Jay is married to Amy and his two stepchildren — Brandon Stevens and Megann Blea.
Stevens played for Andriole’s IHSAA state champions at Indianapolis Cathedral in 2007. The catcher/pitcher went on to Bradley University in Peoria, Ill., Parkland College in Champaign, Ill., and the University of Indianapolis and dabbled in independent professional baseball. He is married with a 1-year-old and works as a roofing salesman in Jasper, Ind.
Megann is married to U.S. Army captain/engineer Dustin Blea and resides in Missouri.
Lynn, 31, made his Major League Baseball debut in 2011 and pitched for the Minnesota Twins and New York Yankees in 2018.
Storen, 31, first appeared in an MLB game in 2010 and pitched for the 2017 Cincinnati Reds. The Carmel, Ind., resident missed the 2018 season after having Tommy John elbow surgery. The free agent is exploring his options for 2019.
“Lance has God-given ability,” says Lehr of Lynn. “He’s loose and has the same delivery he’s had since 12 years old.
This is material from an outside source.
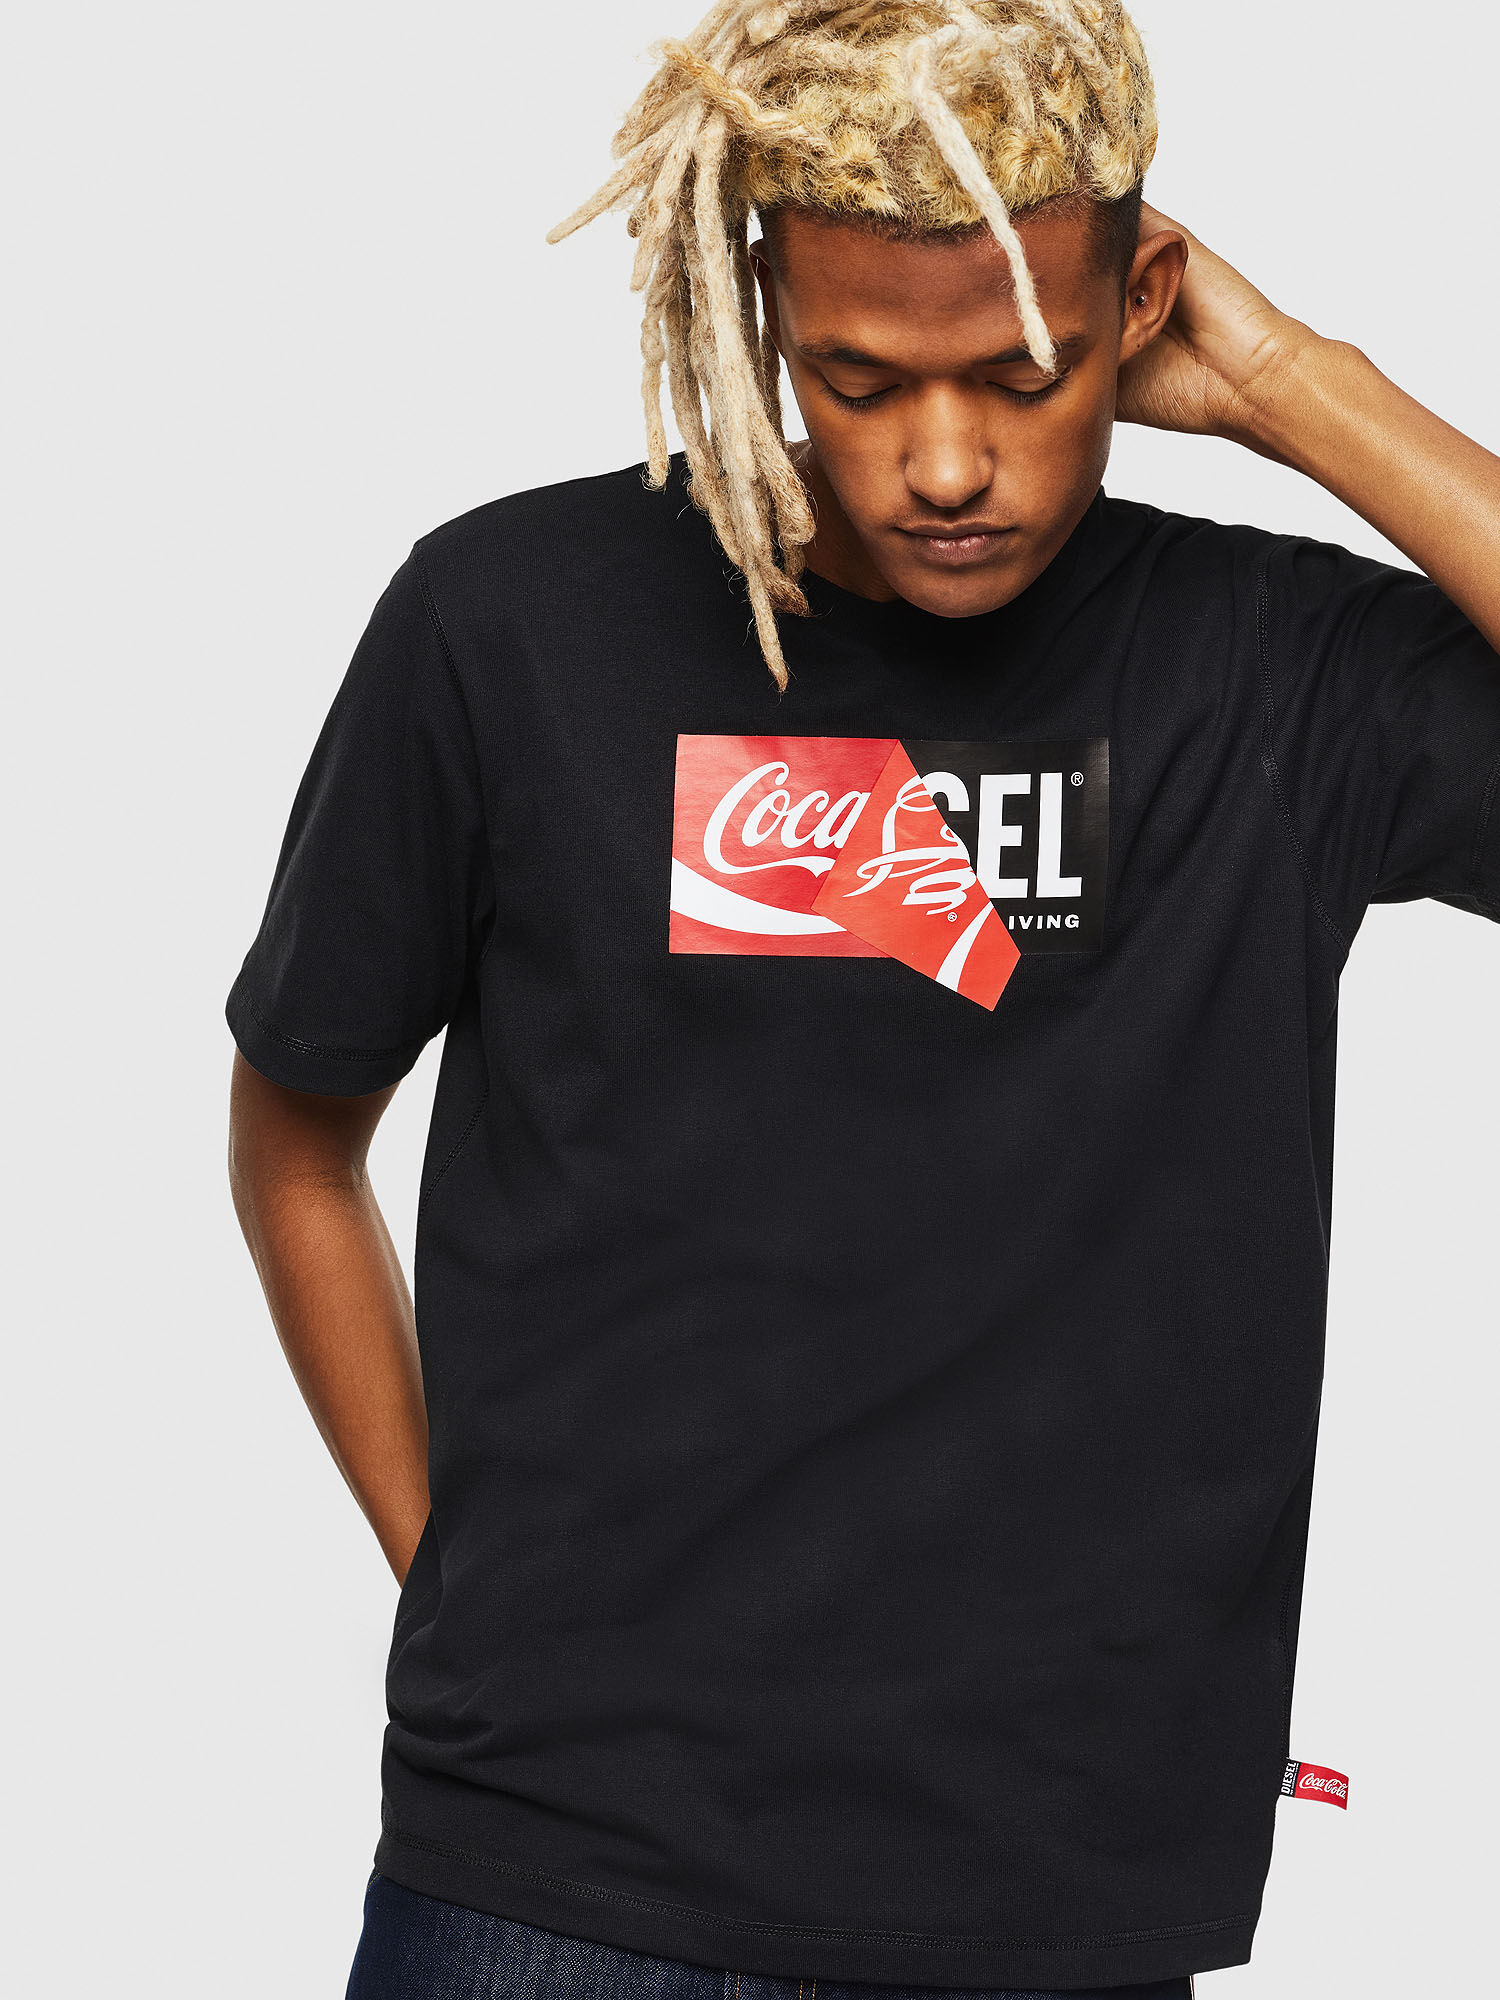 buy coca cola t shirt online india

It’s clean and simple.”
A move from the first base side of the rubber closer to the middle helped Lynn excel in the second half in 2018.
Lehr plans to meet Lynn and his strength coach this winter in Nashville, Tenn.
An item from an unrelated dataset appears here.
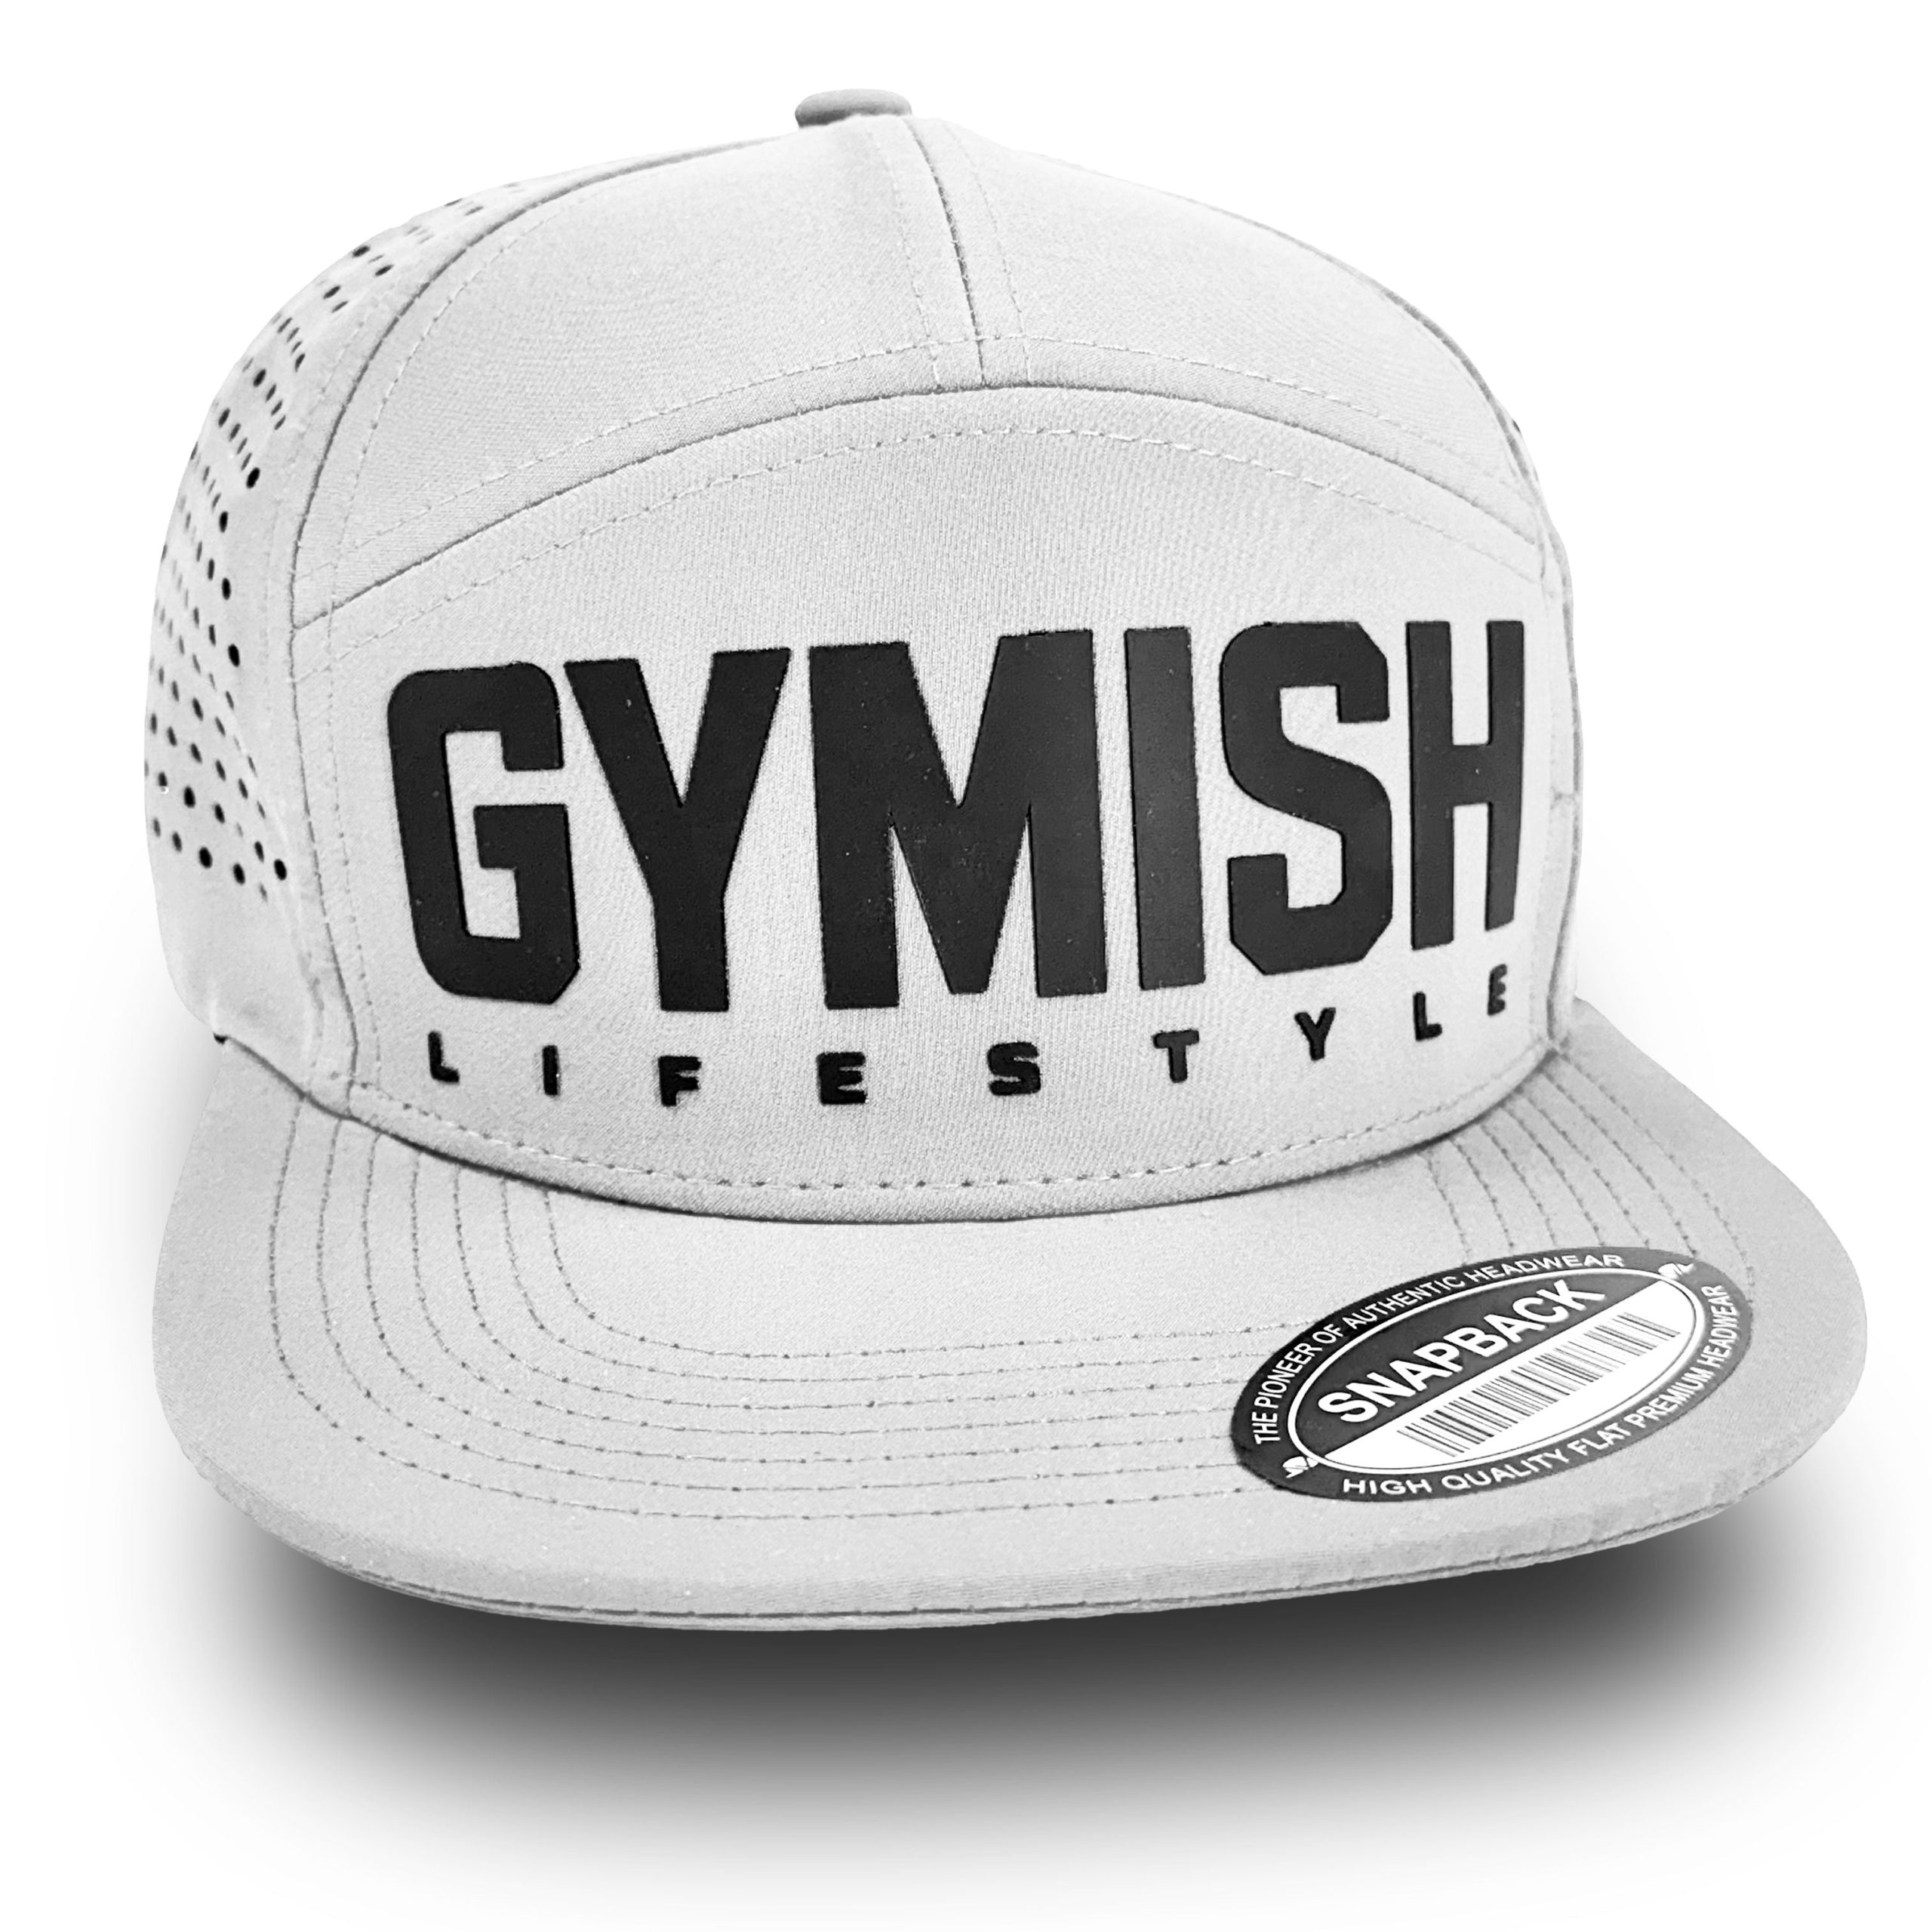 Gym hats

“Drew is very meticulous,” says Lehr of Storen. “He was smaller when he was young so he had to learn how to get people out.
“He did not throw hard until his junior year of high school.
“Once strength caught up to him, the velocity came.”
By then, Storen already knew how to repeat his delivery.
“Drew has a knowledge of the kinetic chain and how it works,” says Lehr. “He has has proprioception (the sense that deals with sensations of body position, posture, balance and motion).
Lehr says Pete Page and Bobby Pierce are the men who taught him the love of the game.
Pierce was head coach at Chipola and retired from Troy (Ala.) University.
Jay Lehr is the president of Power Alley Baseball Academy and lead pitching instructor. He conducts individual and team lessons at Finch Creek Fieldhouse in Noblesville, Ind., and at Mooresville (Ind.) High School. He has been working with big league pitchers Lance Lynn and Drew Storen since they were kids.